American painter (1929 - 2011)

Gabriel Laderman (December 26, 1929 – March 10, 2011) was a New York painter and an early and important exponent of the Figurative revival of the 1950s and 1960s.

He studied with a number of leading American painters, including Hans Hofmann, Willem de Kooning, and Mark Rothko.

==Biography==

===Education===
In 1948 he began by doing the exercises in Paul Klee's Pedagogical Sketchbook, which at the time was available only in the original Bauhaus edition in German.

In the summer of 1949 he went to Provincetown and studied with Hans Hofmann. Since he already knew about abstract expressionist painting (Willem de Kooning had had his first show) he began painting in that tradition, informed with what Hofmann had taught about forming.

He met de Kooning that summer and began to show him his work in September of that year on a regular basis, while also attending Brooklyn College where he studied with Ad Reinhardt, Alfred Russell, Mark Rothko, Burgoyne Diller, Jimmy Ernst, Stanley William Hayter and Robert J. Wolff (the chairman of the department).

He also began to go to Hayter's Atelier 17, which he used as a shop for printing his engraved and etched plates.

About his Brooklyn College years, Laderman said:

"The school was a hot bed of abstract painting radicalism. One of the major buzzwords was for us to try to get "on the idea level." That meant having a pictorial idea which would generate work. It was clear that my teachers at Brooklyn and also both de Kooning and Hayter did not believe that they had to go through the motions of imitating recent radical art. They were going out on their own and inventing new art. All of them, though, believed that there were pictorial actions which guided art making and were required to validate the work. But those actions could be unheard of ones, or ideas imported from elsewhere and other forms. Russell had us not only drawing in the Natural History museum, but also highly touted the value of drawing parked cars, looking through the windows into the internal spaces, and those as seen in a second car through a first one. Reinhardt made a trip around the world and came back with slides of Islamic architecture, often severely symmetrical, but with Arabic calligraphy incised, which had no symmetry, since it was excerpted from the Koran. He also brought back slides of the interiors of Hindu and Buddhist temples that were so dark it was almost impossible to make out the figures. We understood his paintings, both because we could see their actions, and because he made his ideational sources clear through the images he showed in school and at his lectures. I also was one of the youngest members of the artist's club, which started while I was in college on the top floor of the building above Atelier 17. This was the abstract expressionist hangout, and it was where the members of the movement displayed their ideas and publicly disagreed with one another."

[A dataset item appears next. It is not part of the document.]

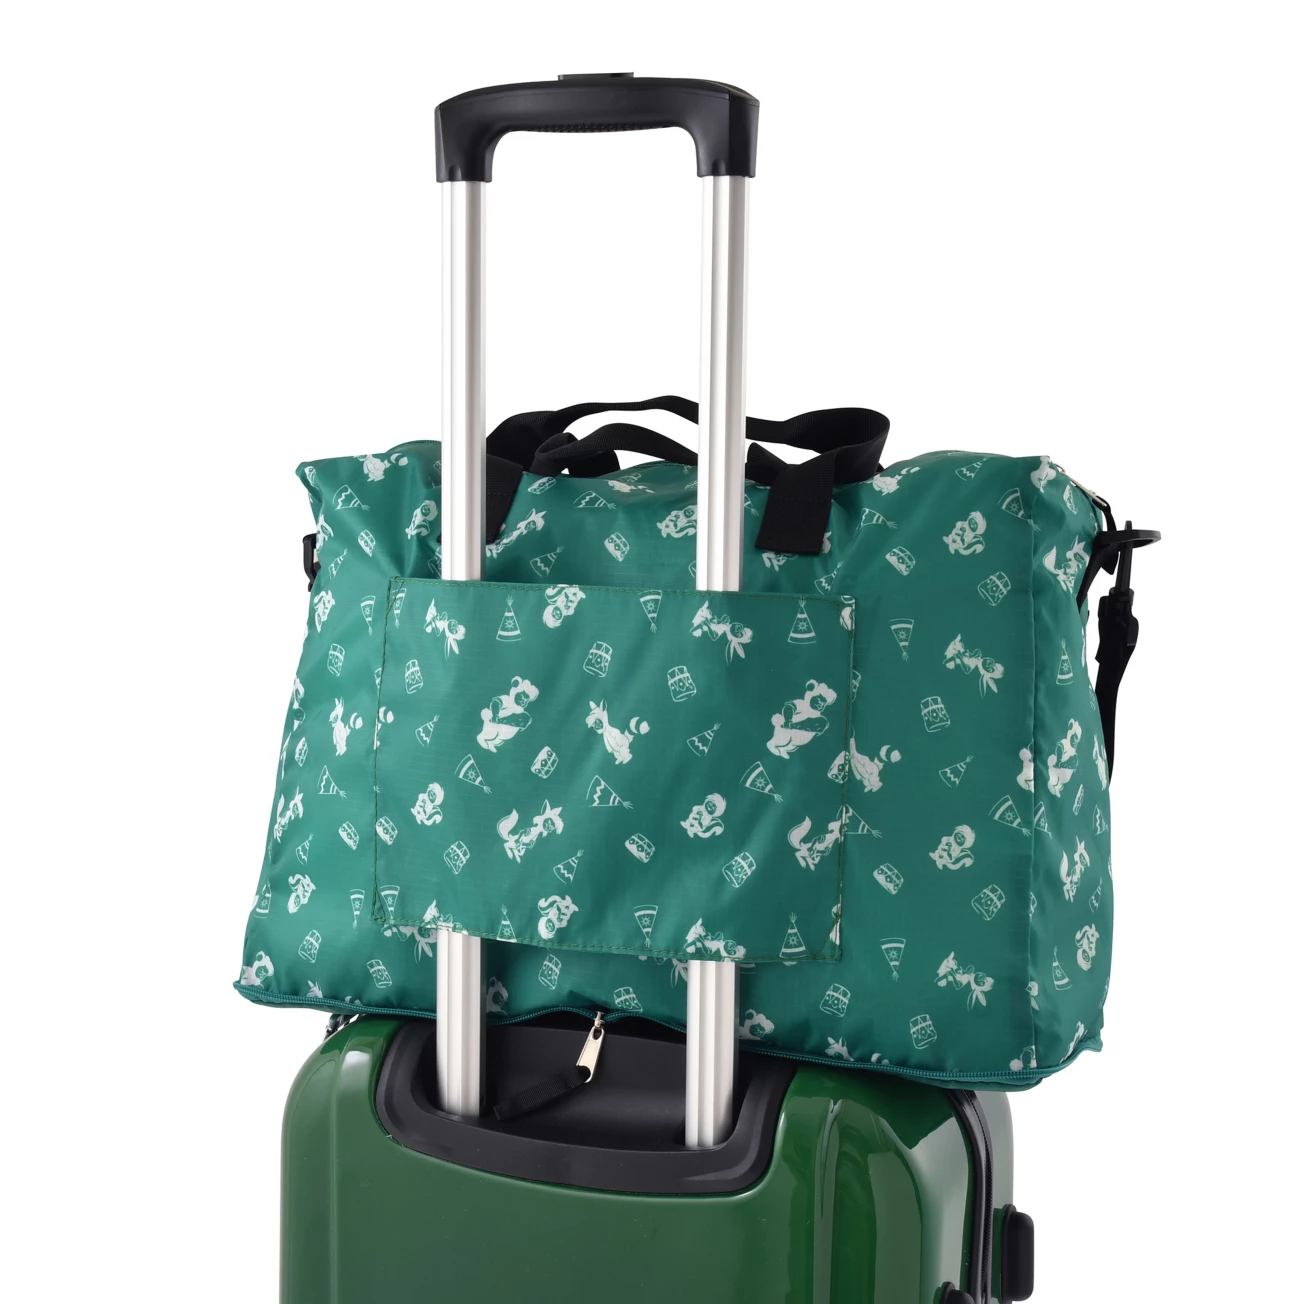 SDJ - Take me to wonderland Collection - Foldable travel bag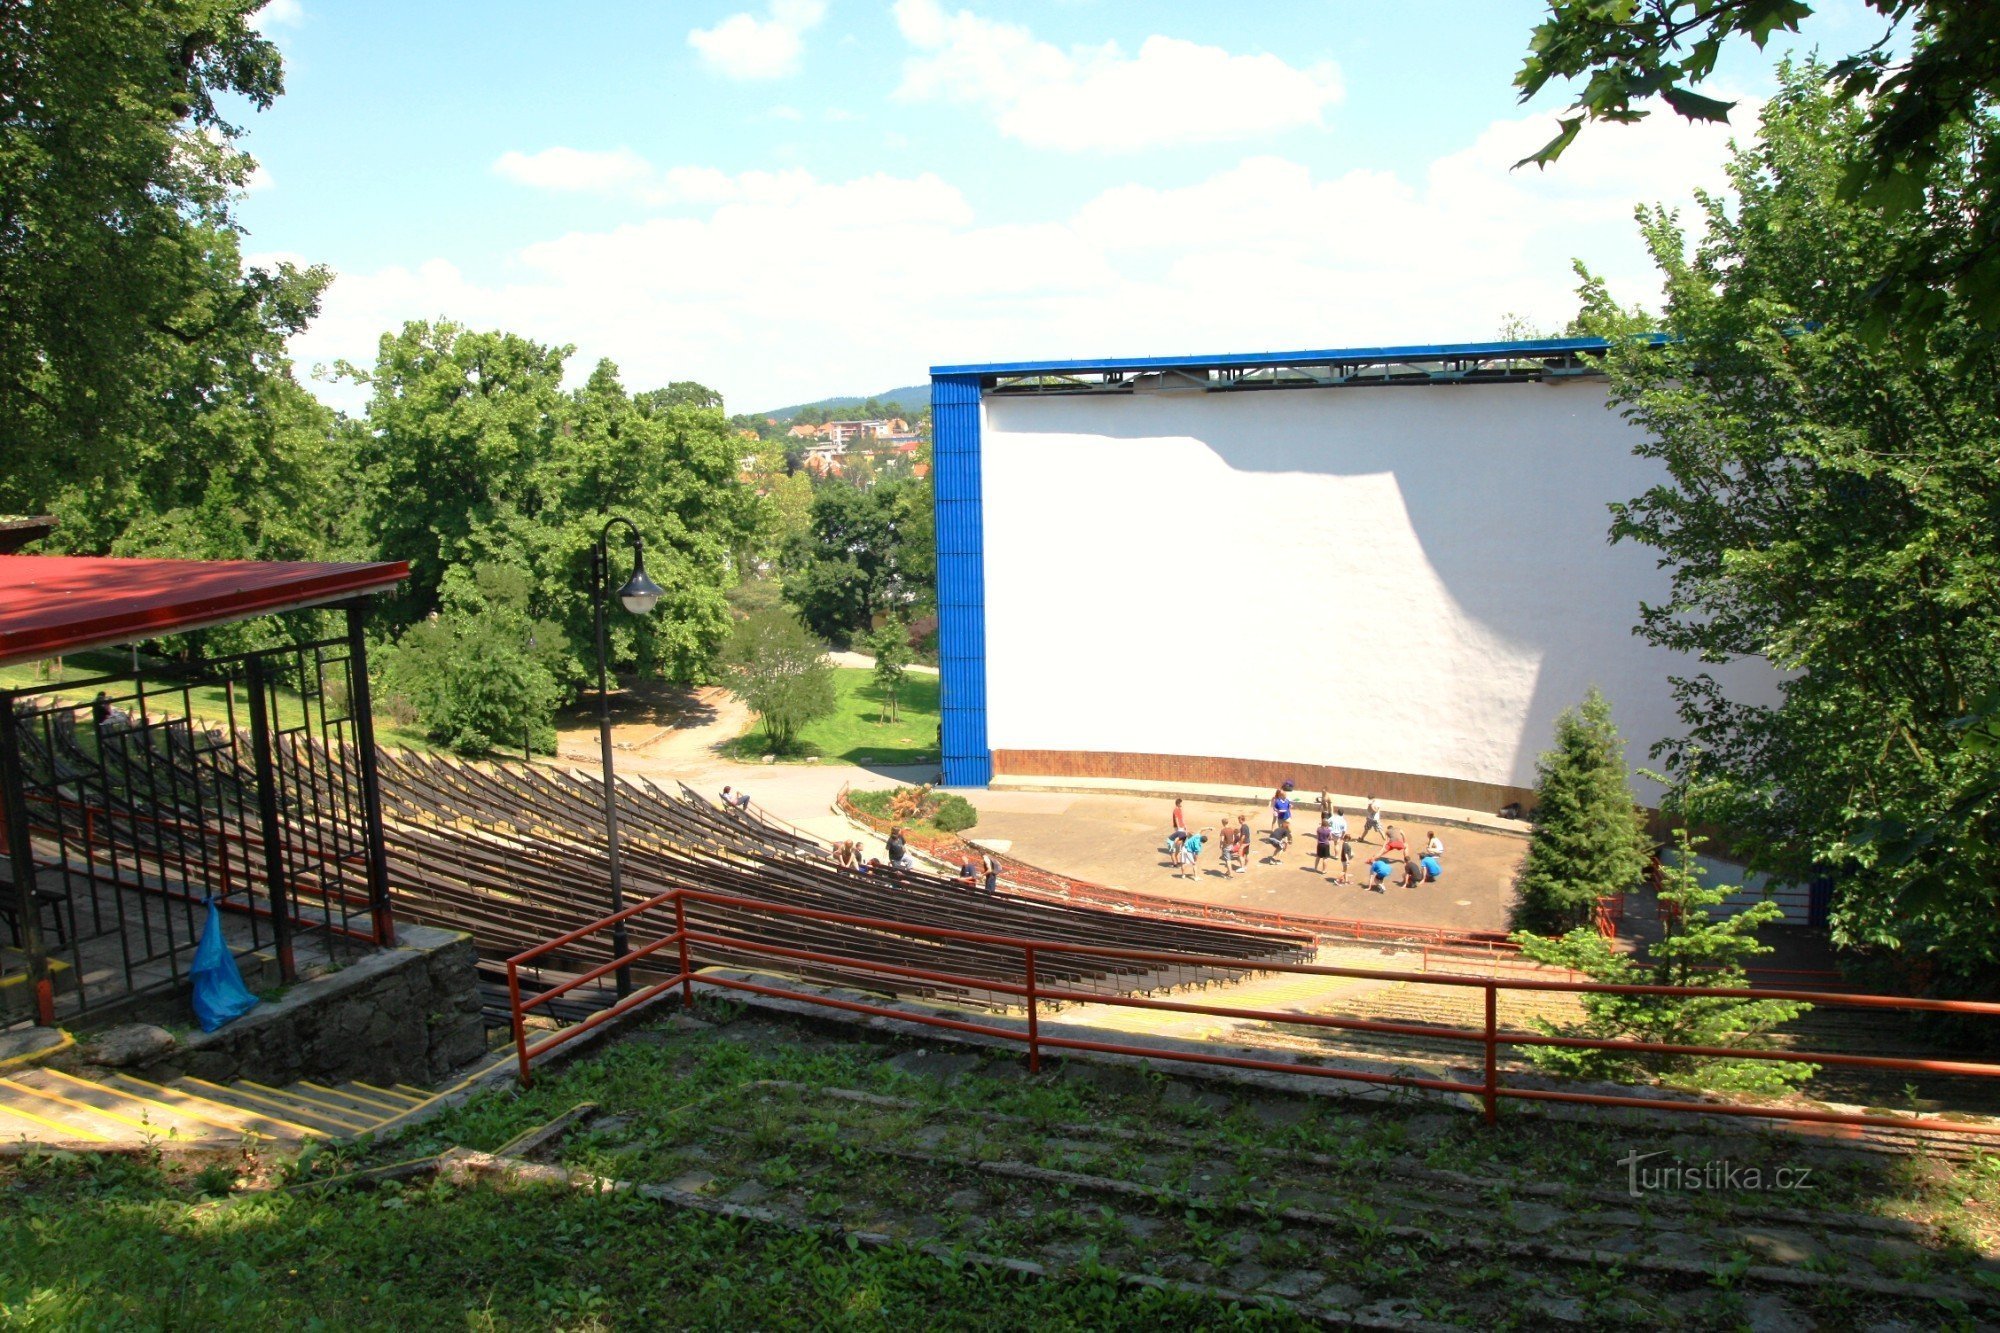 Kino letnie znajduje się w naturalnym amfiteatrze

After graduating from Brooklyn, he spent a year as a graduate student in art history in the New York University Institute of Fine Arts. There, he studied Asian art and 14th century Italian art. Both traditions influenced his later work.

In 1955, after two years in the army, he went to Cornell University for his MFA, with an assistantship in painting. During his time there, he began to try to paint from nature with less distortion and invention.

===Teaching===
In 1957 he was appointed Instructor in art at SUNY, New Paltz. After two years at New Paltz he was offered a raise in rank, but chose to return to New York where he taught at Pratt Institute until 1967 when he began teaching at Queens College, CUNY.

From 1967 through 1996 he was artist in residence and lectured at many schools and museums, including Princeton University, Yale University, Bennington College, Philadelphia College of Art, Pennsylvania Academy, University of Pennsylvania, the Tyler School of Art, Moore College of Art, Boston University, The Boston Museum School, at the Museum of Fine Arts, Boston, Amherst College, Stanford University, Kansas City Art Institute, Art School of Surabaya, Art Center Jakarta, USIS centers in Japan in Tokyo, Nagoya, Sapporo and Fukuoka, Royal College of Art, Bangkok, Victorian College of Art, Melbourne; College Ballarat, Indiana University, Bloomington, Louisiana State University, Arizona State, American University, Skowhegan, Chautauqua, the Art Students League of New York, and the Yale-Norfolk School.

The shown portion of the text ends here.